What are other known failure modes?

Not applicable.

What steps should be taken if SLOs are not being met to determine the problem?

Implementation History

  • v1.31: KEP is in alpha and imlpemented for Device Plugin

Drawbacks

  • No post mortem health status for terminated pods: For batch jobs using RestartPolicy: Never, device health status will not be updated after the pod terminates. This means “post mortem” troubleshooting for batch jobs cannot rely on this field. The race condition between pod termination and health updates would require significant complexity to fix (tombstoning ClaimInfo entries in the DRA manager), which was deemed not worth the benefit. See Issue #132978 .

Alternatives

There are a few alternatives to this proposal.

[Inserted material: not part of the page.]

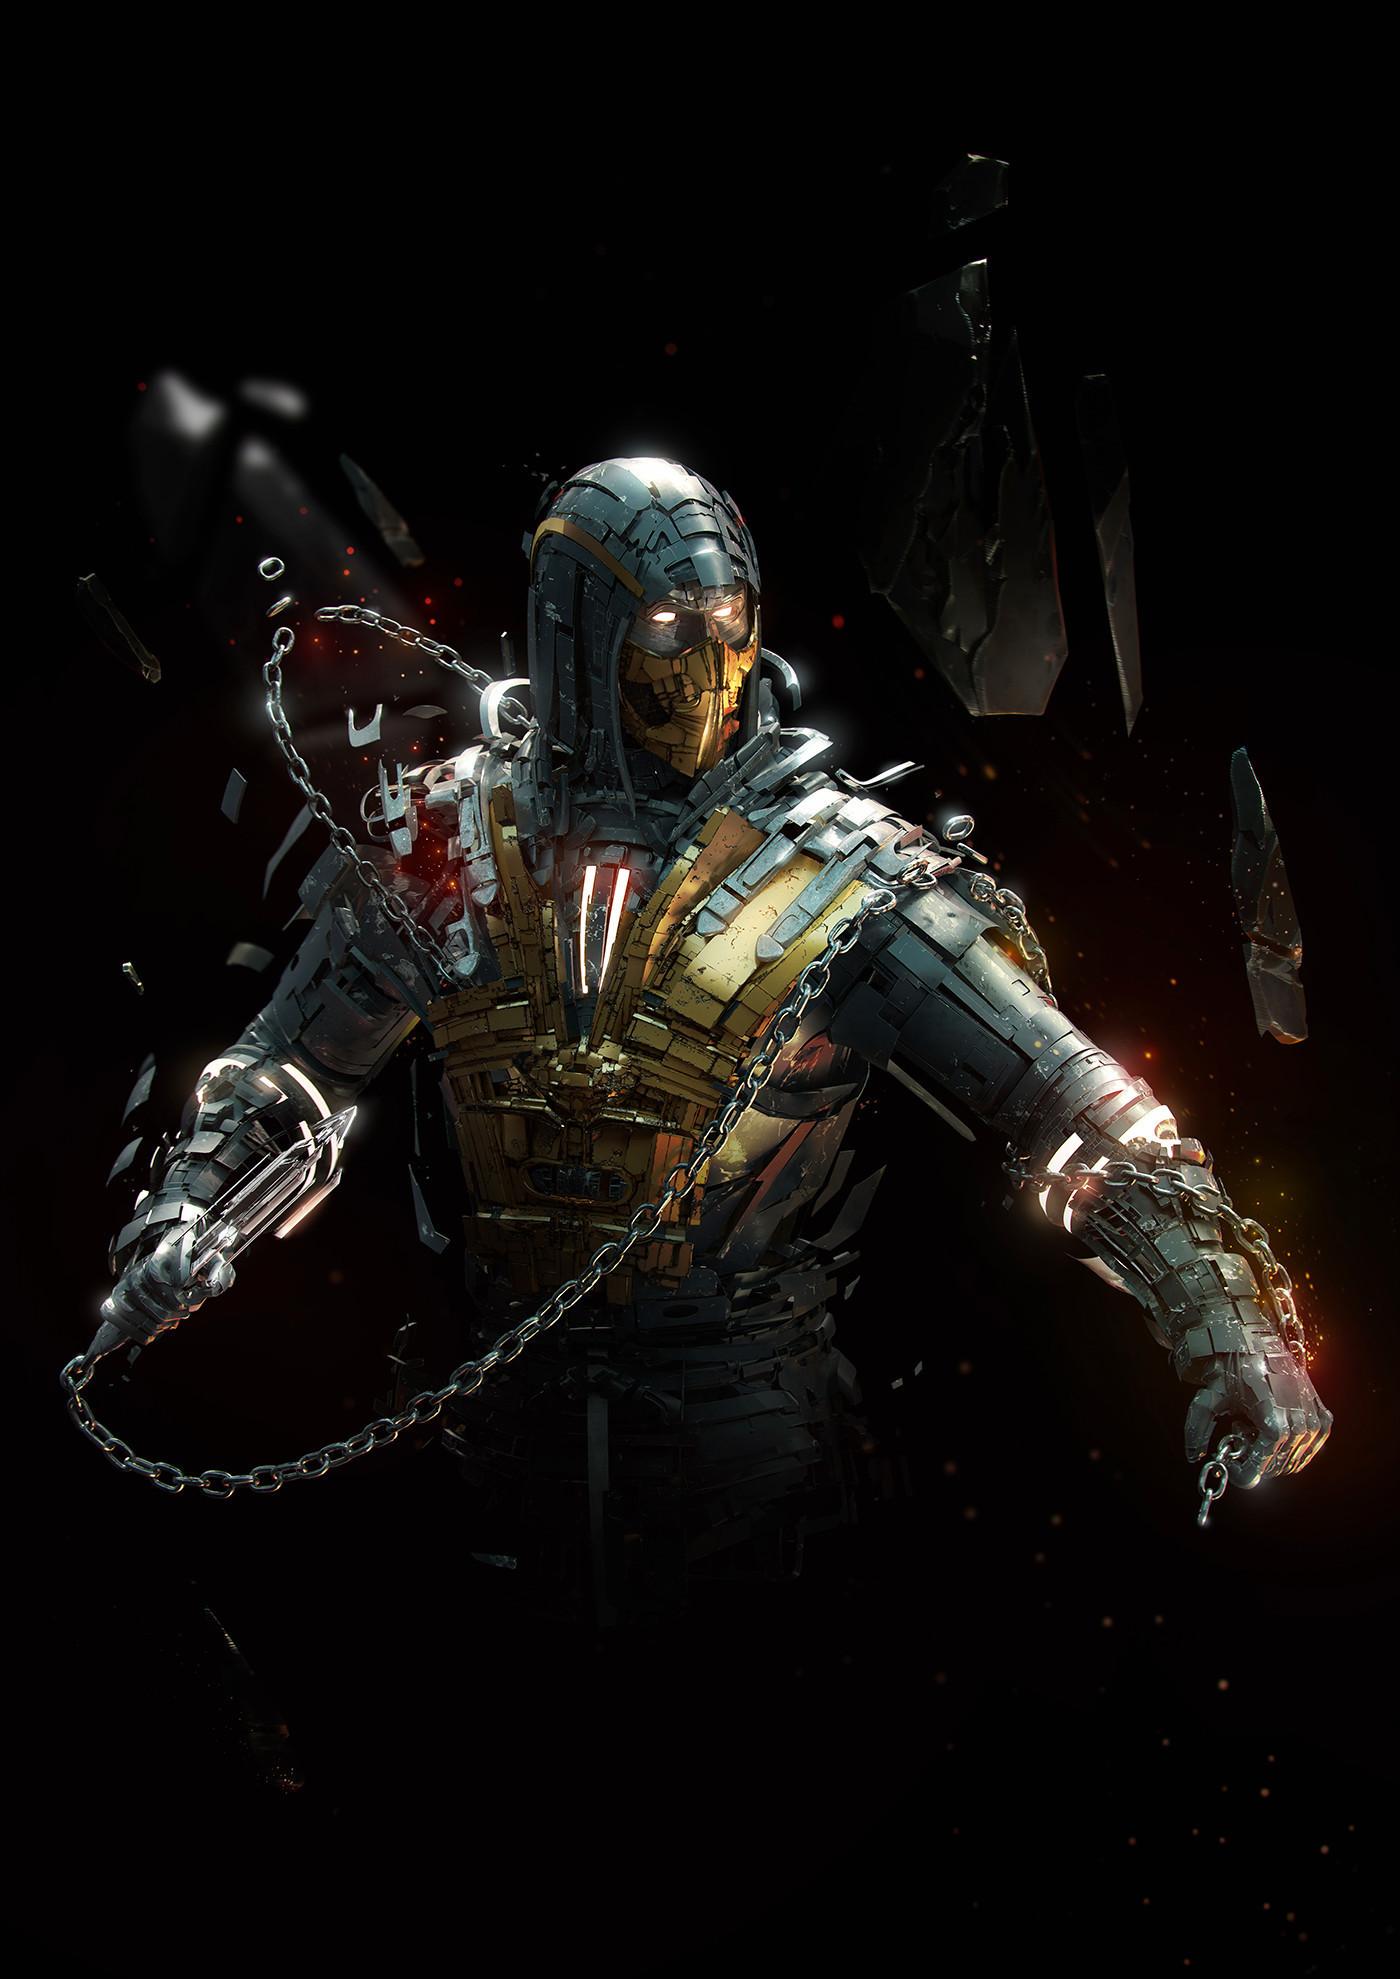 Mortal Kombat X Scorpion Wallpaper (74+ images)

First, an API similar to Pod Resources API can be exposed by kubelet to query via kubectl or directly thru some node exposed port. The problem with this approach is:

  • it opens up a new API surface
  • It will be impossible to get status for Pods that have completed already

Second, exposing the status for DRA via claims - this approach leads to a debate on how to ensure security so kubelet is limited to which statuses it can set. With this approach, there are mechanisms in place to ensure that kubelet updates status for Pods scheduled on that node.

Infrastructure Needed (Optional)

We may need to update sample device plugin. No special infra is needed as emulating real GPU failures or failures in other devices is not practical.